Personally, I wouldn’t offer your sister any advice right now. Chances are, with 3 young kids, she’s thought of all her options and knows best what to do for her and them. Just be there for support and to listen to her and give her a shoulder to cry on, if she’s looking for it. It’s so hard to offer the kind of advice you wish you could give (divorce or don’t) without making the person you are offering it to defensive. It’s hard to know 100% what goes on in a marriage, and she knows what happened in hers best. Just be there for her right now.

Post # 9
Member
793 posts
Busy bee
  • Wedding: June 2011

Honestly if I was her sister, I would tell her to leave, because she deserves better. He seems like a shitty father, and husband, and no women or child needs that, in my opnion, but I would just be there for her right now if I were you.

Post # 10
Member
1269 posts
Bumble bee
  • Wedding: January 2011

Why can’t she move with him to where he’s working?  This is the just about the time that marriages get really hard.  The kids are young, not enough money, stressed, tired, etc… but this is where they need to come together.  Counseling should be an option.  She’s already a single SAHM practically, why does it need to be permanent?  Do you live close enough to take the kids so they can have a date to help out?  A marriage can almost always be fixed.

Post # 11
Member
3461 posts
Sugar bee
  • Wedding: May 2012

Eeks, this is a tough one.  My heart goes out to you and your family.  There’s only a limited amount that you can do as a sister.  There’s a few issues going on here: Your sister is run down from all of her daily responsibilities, her husband is not sharing the burden when he’s around, her husband is possibly also run down from constant traveling/not living at home, and they fight “badly” and he doesn’t have any good relationship role models.  (You mention his family has a history with alcohol, but did not say he personally abuses it, so I’m less concerned about that point.)

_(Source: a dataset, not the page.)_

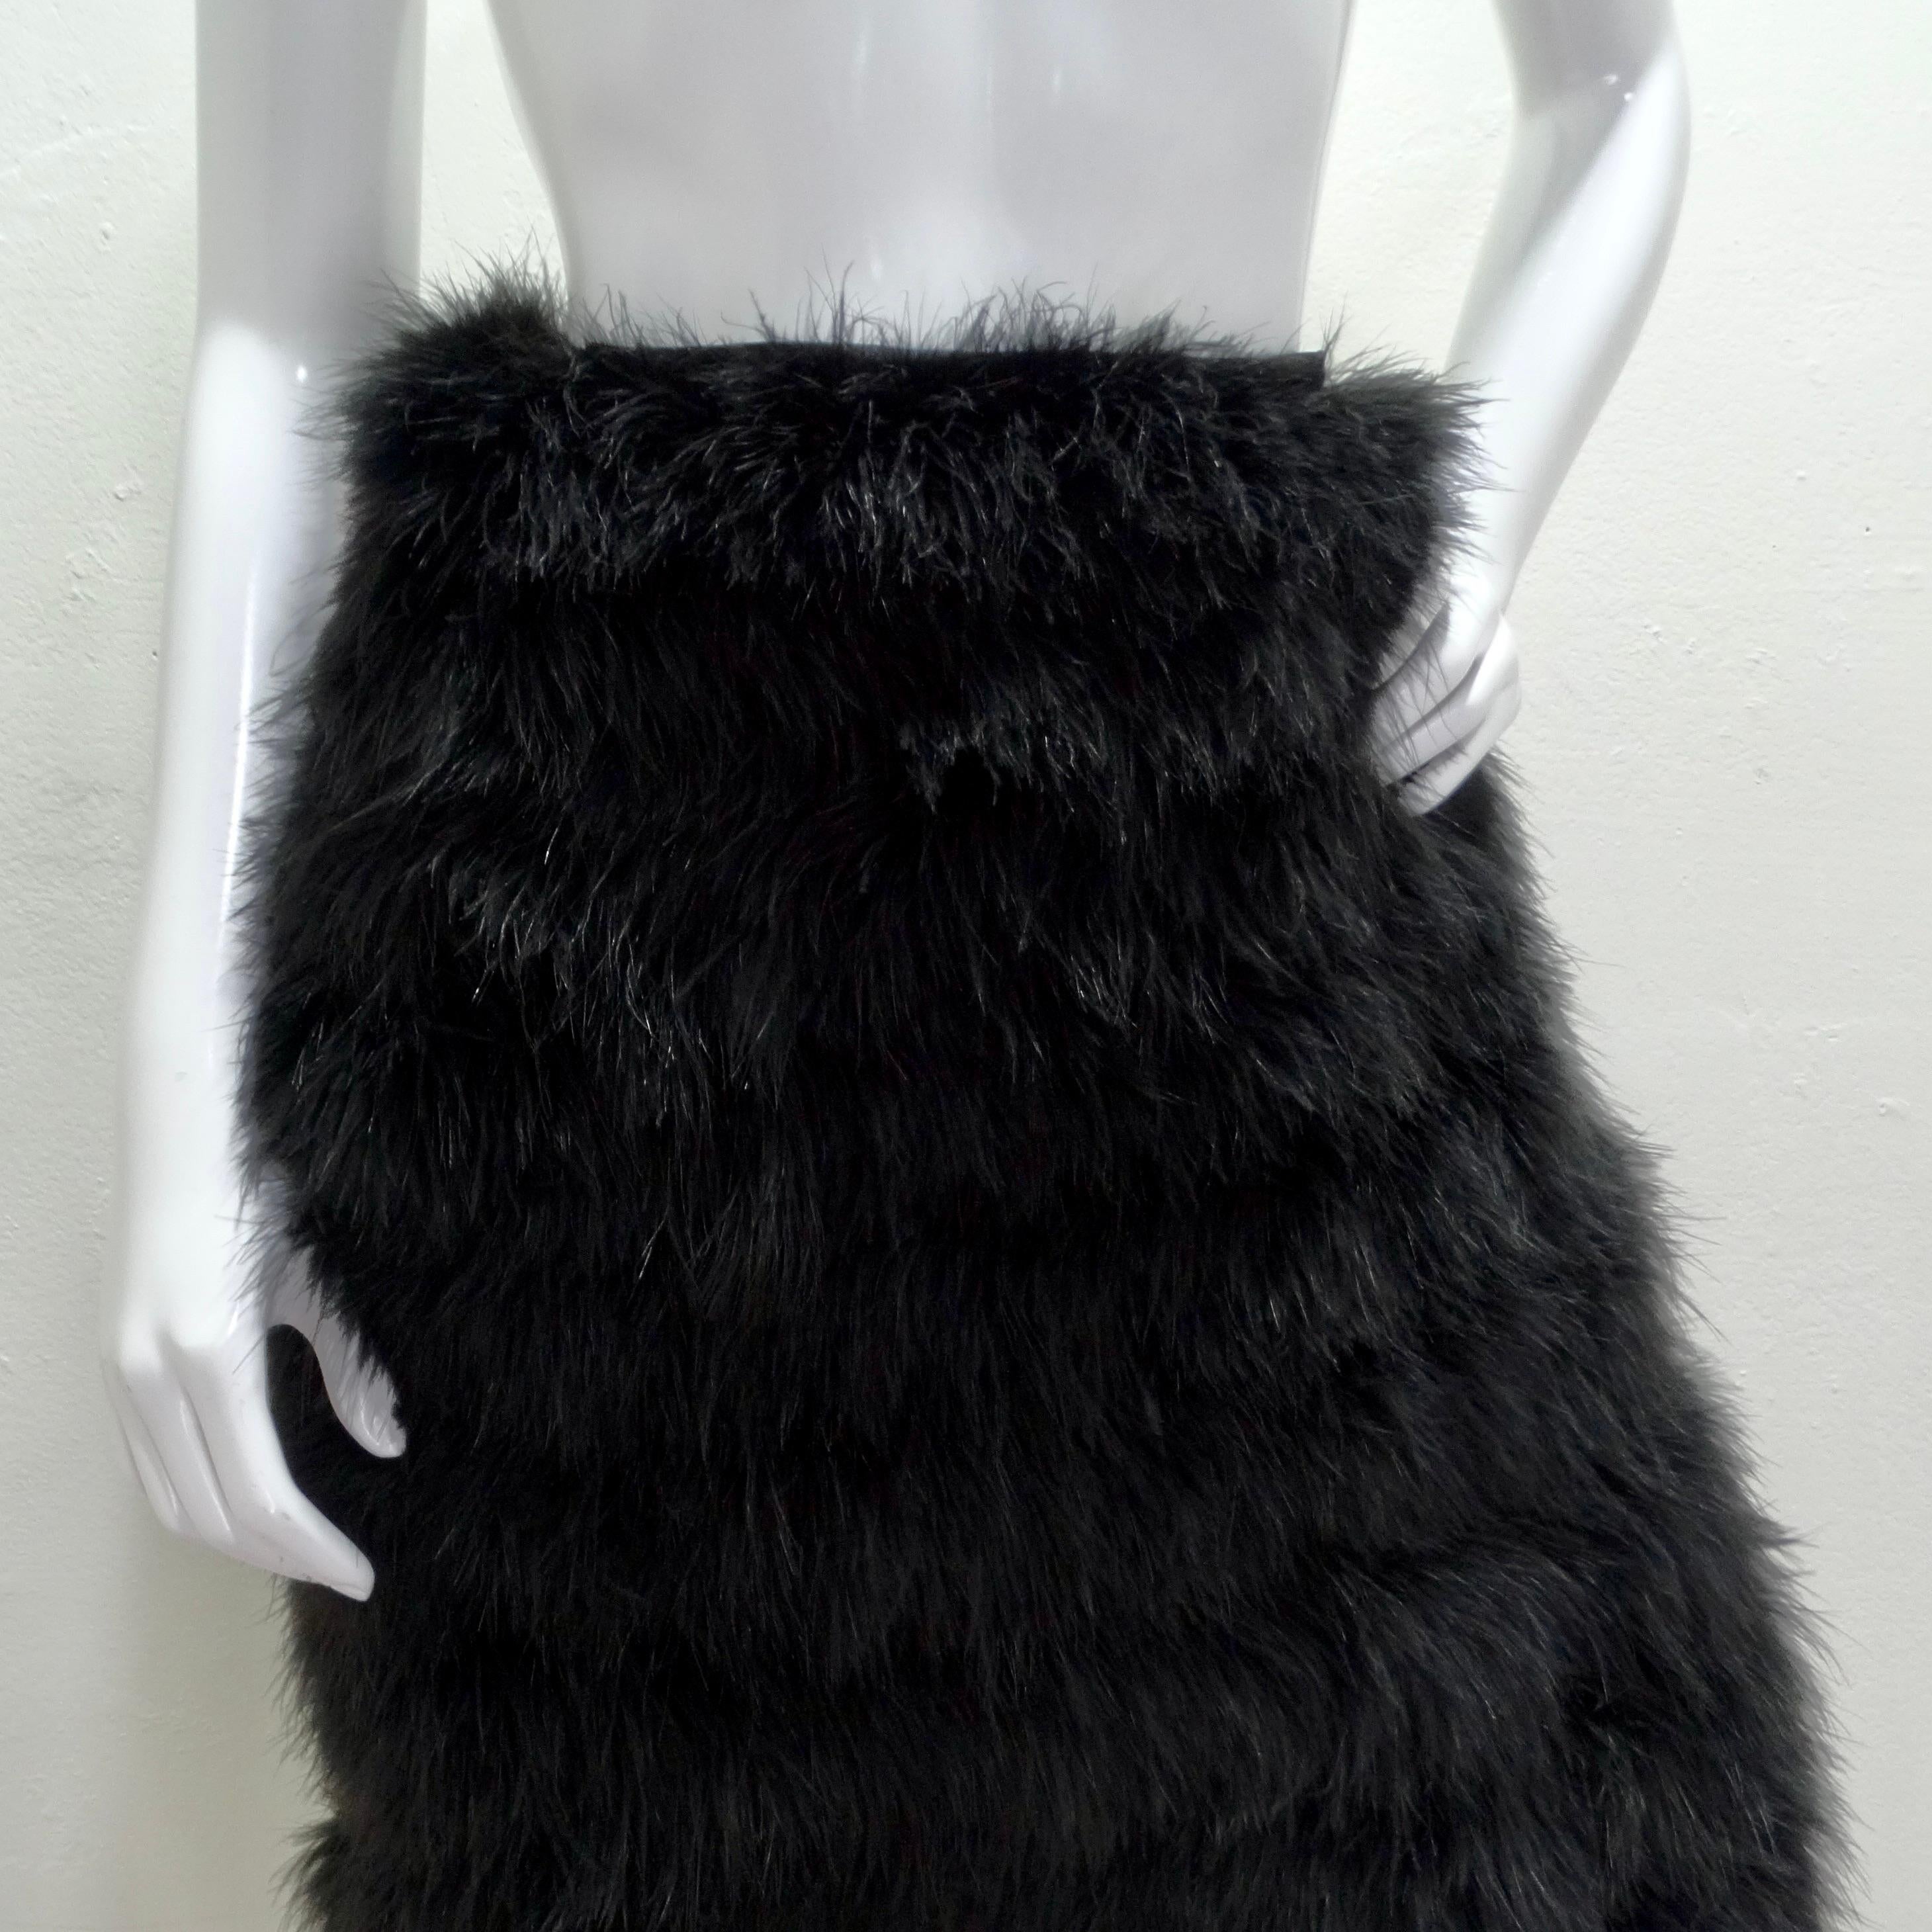 Der exquisite 1960s Saks Fifth Avenue Black Marabou Feather Midi Rock ist ein Statement-Stück, das Luxus und Raffinesse ausstrahlt. Dieser mit viel Liebe zum Detail gefertigte mittellange Rock ist ein wahres Kunstwerk, mit dem Sie einen kühnen und

1. Make sure she knows that you are there for her.  Don’t bash her husband despite his poor behavior.  Be willing to listen to her anytime.  Don’t ever say “I told you so.”

2. Can you take the kids for a bit to give her a break?  This might give them the time they need to work on their relationship as well.  Maybe give them tickets to something when he’ll be in town and babysit the kids, or take the kids on a few Saturday mornngs.

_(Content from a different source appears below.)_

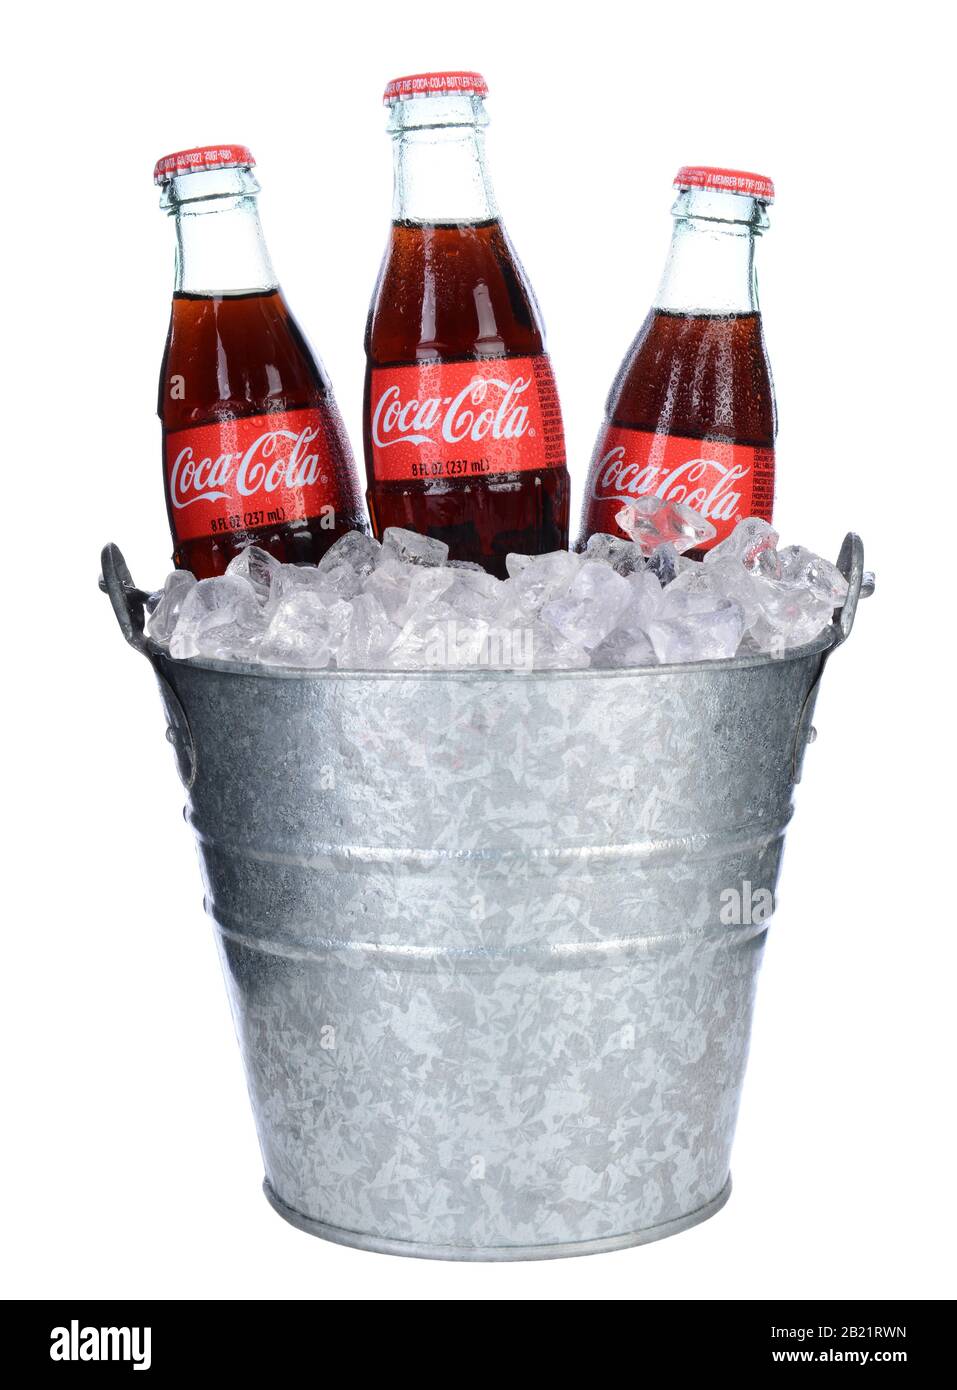 Irvine, CA - 06 février 2014 : trois bouteilles de Coca-Cola et seau à glace. Le coke est l'une des boissons sans alcool les plus populaires au monde. Banque D'Images

3. Is there a closer school for the 6 year old?  Can she carpool to it?

4. This can only be done for a sister or very close friend, but maybe get a book on improving relationships for her or offer to look up inexpensive counselors in the area.

Will keep thinking on this one.

Post # 13
Member
5756 posts
Bee Keeper

I think the best thing you can do is to not make her problems, your problems. It’s hard to sit back and watch things play out in a way that doesn’t seem right to you, but only she really knows her situation and how best to deal with it. You can suggest all you want, but unless and until she’s ready to make some changes, or accept things as they are, all you should do is offer her support in whatever way she needs it.

It’s always hard to sit on your hands and not help someone you love, but this is hers to fix. I hope she finds the best solution for her and her family. 🙁

Post # 14
Member
2321 posts
Buzzing bee
  • Wedding: July 2011

I think they ABSOLUTELY should move to where he works. They really need to share one roof and one family life. He already did not have a decent life to begin with, what with the alcoholic father and drug abusive mother. And now his current situation is not helping him either at all. He literally has NO positive energy flowing into his life. The construction field is very difficult as is, and he doesn’t have her to come home to and have a nice home cooked meal everyday and see his kids, etc.

It might not be feasible due to school, the volatile nature of his job, but really, if the marriage is suffering THIS badly, I would think that moving with him wherever he goes, even it means changing schools, will help out in the long run. Stability is important for the children where they are not having to switch schools ever so often but it’s even MORE important for the children to have a LOVING family home where both parents are there and working as a team. The good far outweigh the bad.